About this lime in Japan the people were becoming increasingly concerned with the horrors of prostitution, especially in the Yoshawara district of Tokyo. Christian leaders found a clause in the law of the land that allowed a girl to be freed from the brothels by making application to the police. Unfortunately, few knew of this until the young Salvation Army in Japan organized a ‘blitz.’
Headed by a flag and a drum, and armed with a supply of a special Army newspaper, a group of William Booth’s soldiers marched into the licensed area. They announced clearly offers of help to all the girls who wished to leave their calling.
The drum was smashed, the flag torn, the visitors badly assaulted. But three months later, in October 1900, the emperor signed a new, strengthened ordinance which helped to stamp out this national scourge. Within twelve months 12,000 young women had accepted their freedom.
Due to the work of the Salvation Army the age of consent to sexual intercourse was raised in Britain from thirteen to sixteen. Many Christians had been concerned at the immoral practices involving young girls unprotected by law. When William Booth set to work and organized a petition of 393,000 signatures demanding an improvement in legislation, the Criminal Law Amendment Act 1885 was the result. It remains on the statute-book to this day.
In the same year. Booth decided to set up a department to search for missing persons. Ever since, every Salvation Army officer throughout the world has been an agent in this work and 10,000 lost people are reunited with their families every year.
A fighter to the end
In May 1912, William Booth addressed a crowd which filled the Royal Albert Hall. He could scarcely see, his steps were uncertain, but his message was still dynamic. In what was to be his last public appearance, he gave a summary of his life’s work.

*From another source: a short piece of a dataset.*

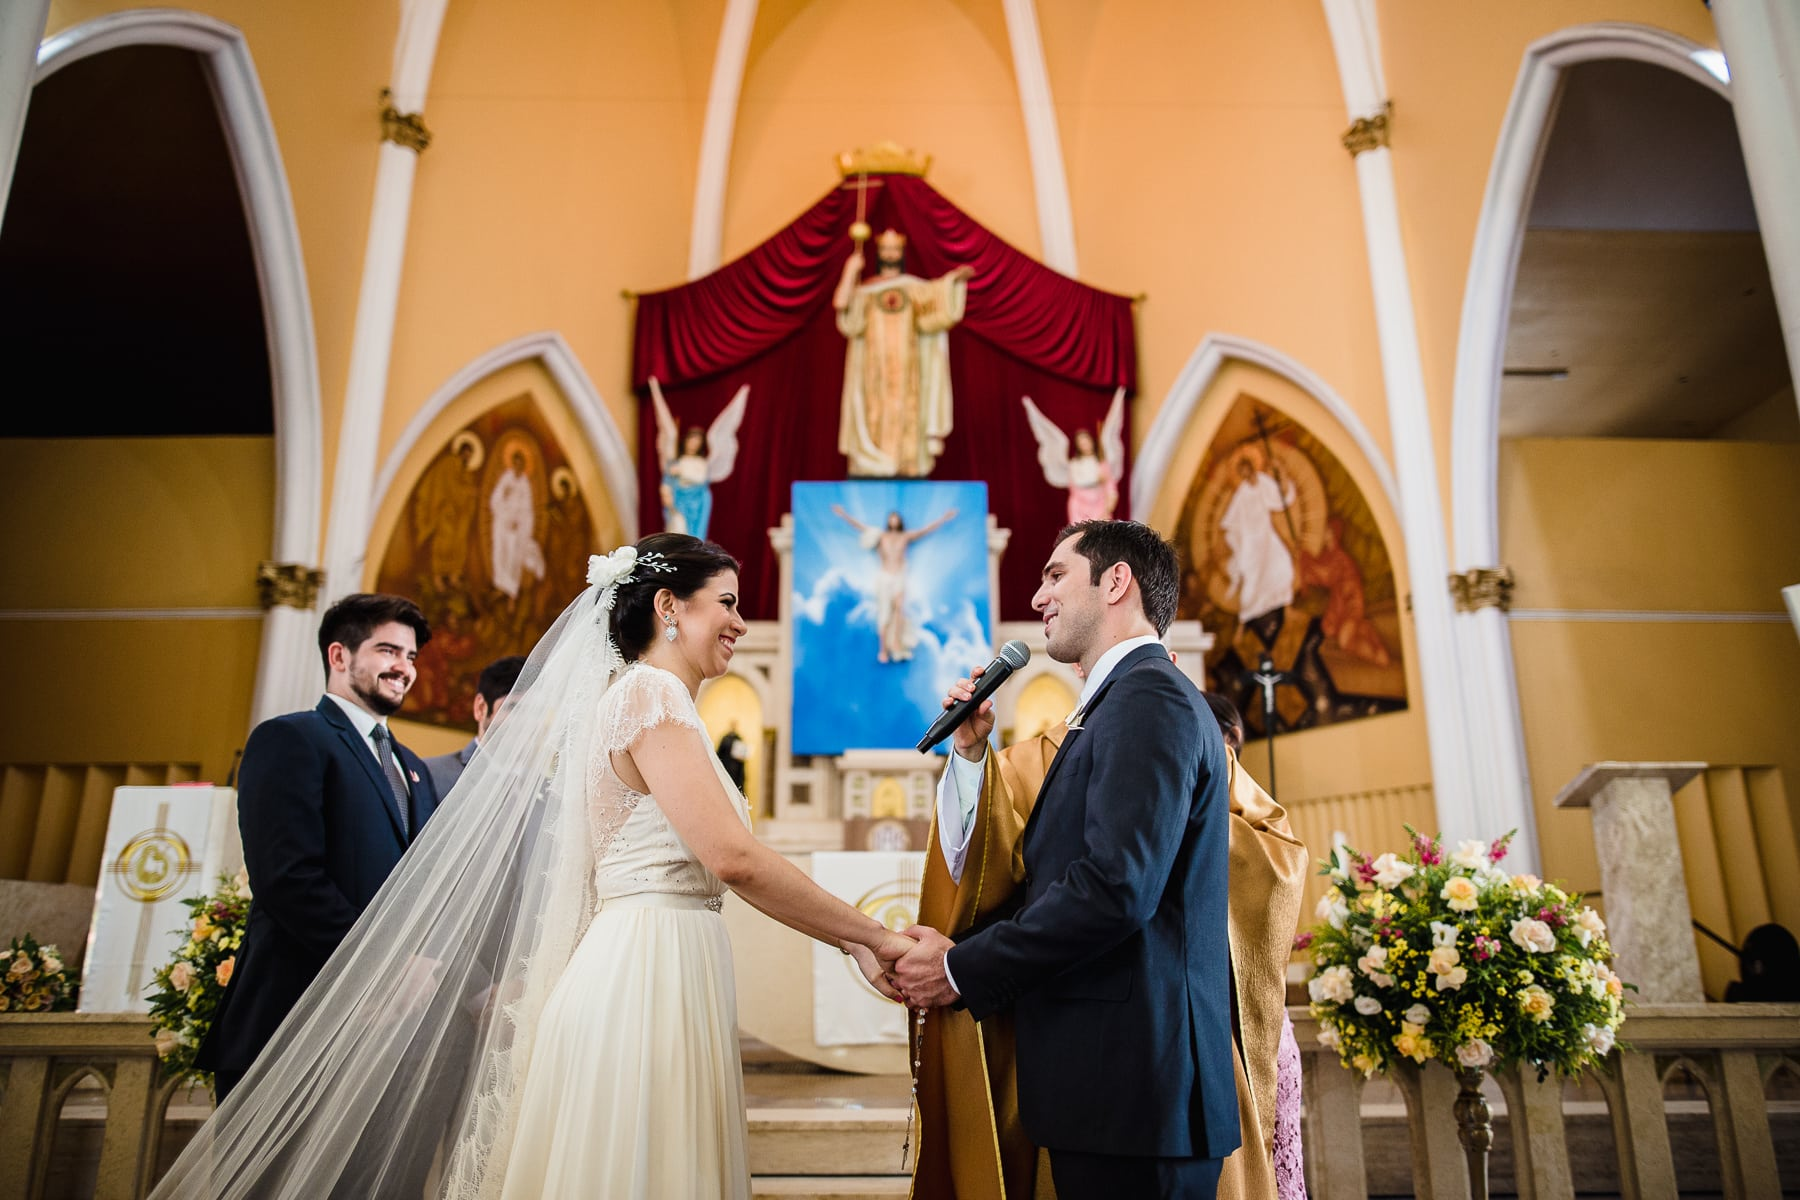 casamento-igreja-do-cristo-rei-fortaleza-41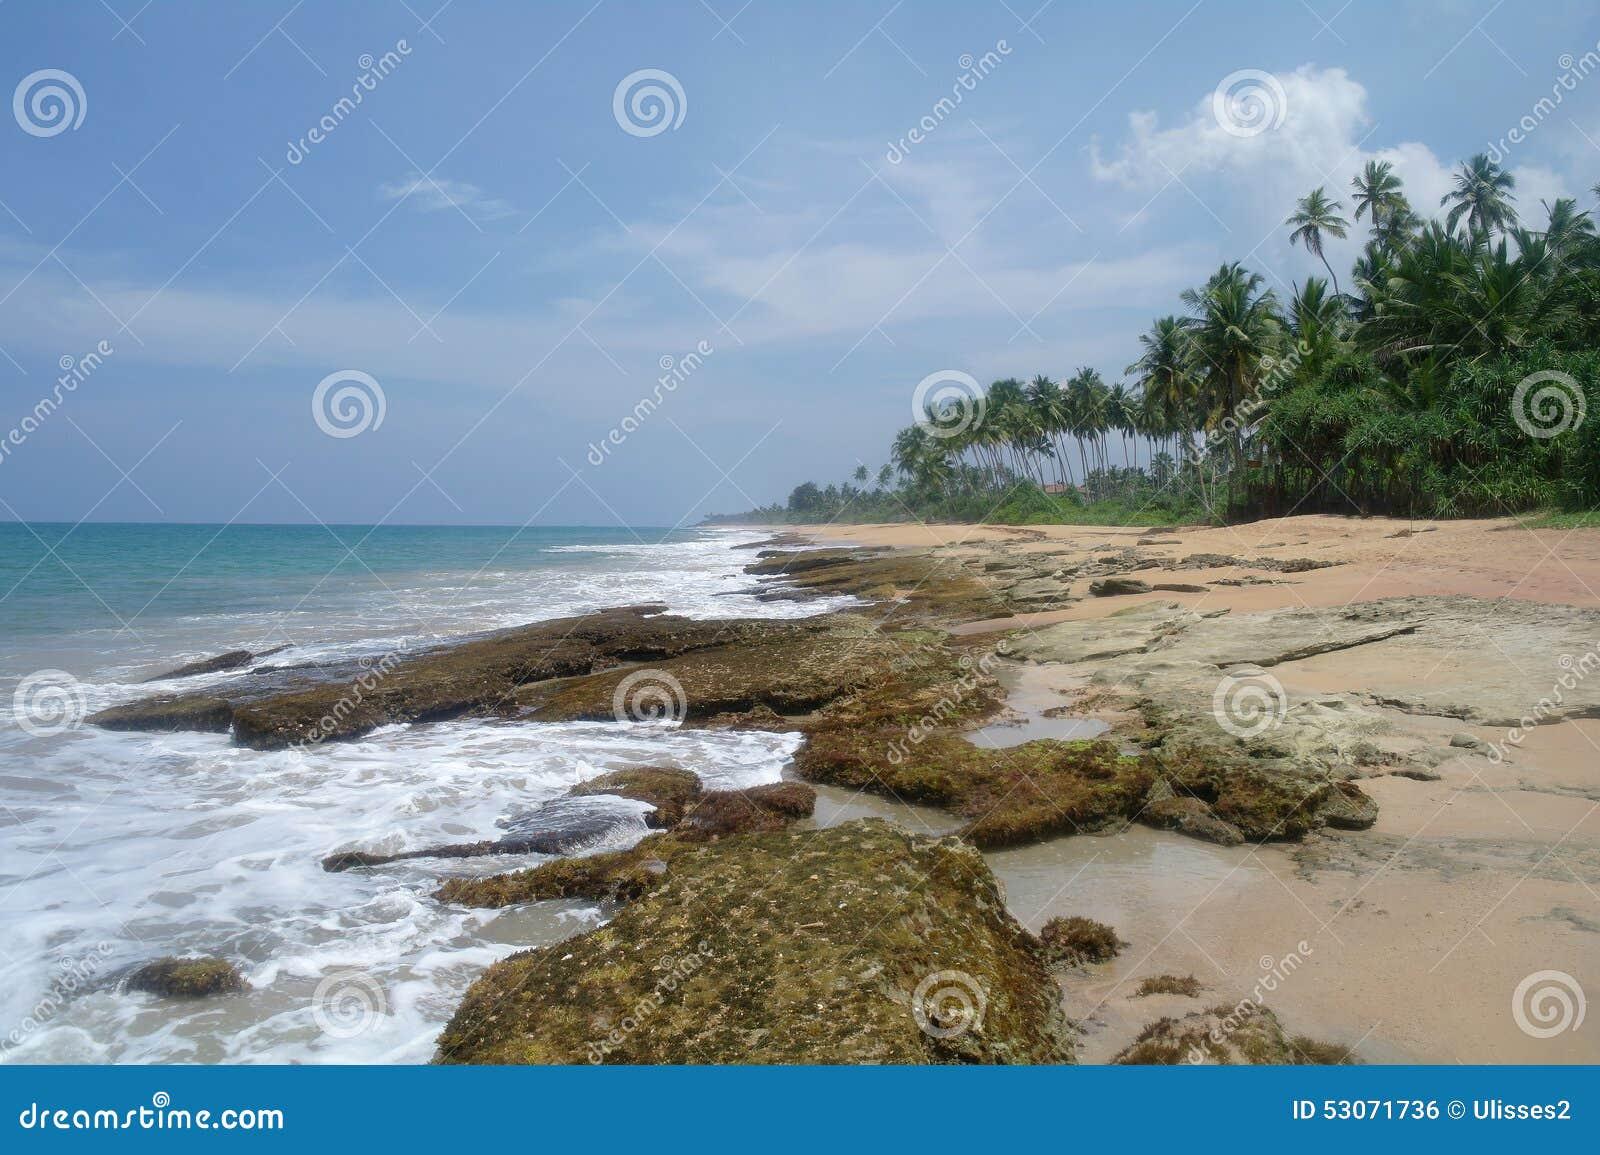 Pierres sur la plage idyllique dans Sri Lanka

He ended: ‘And now ... I must say goodbye. 1 am going into dry dock for repairs, but the Army will not be allowed to suffer . . . by my absence.’ His mind was on an eye operation he was to endure a few days later. Then the warrior spirit reasserted itself: ‘While women weep, as they do now,’ he shouted, ‘I’ll fight; while little children go hungry . . . while men go to prison . . . while there is a drunkard left, while there is a poor lost girl upon the streets, while there remains one dark soul without the light of God, I’ll fight—I’ll fight to the very end!'
The operation was not a success, but the warrior remained undaunted. ‘I have done what 1 could for God and for the people with my eyes,’ he told his son Bramwell. ‘Now I shall do what I can for God and for the people without my eyes.’
One of William Booth’s last charges, before he died on 20 August 1912, was to Bramwell, who succeeded him as General: ‘The homeless children. Oh, the children! Bramwell, look after the homeless. Promise me.’
William Booth had always loved the children. He had opened Sunday Schools and had written a catechism to ensure good Christian teaching. He had provided care for the homeless and day schools in lands without government education. He had delighted to sec boys playing in his bands and had taught them and the girls to be evangelists themselves.
In 1912 some people thought that the Army could not survive without William’s inspiring leadership. His soldiers, now fighting in fifty-eight countries and using thirty-four languages, would falter. But the critics were wrong. Today Salvationists speak in a hundred and eleven tongues and their flags fly in eighty-six lands.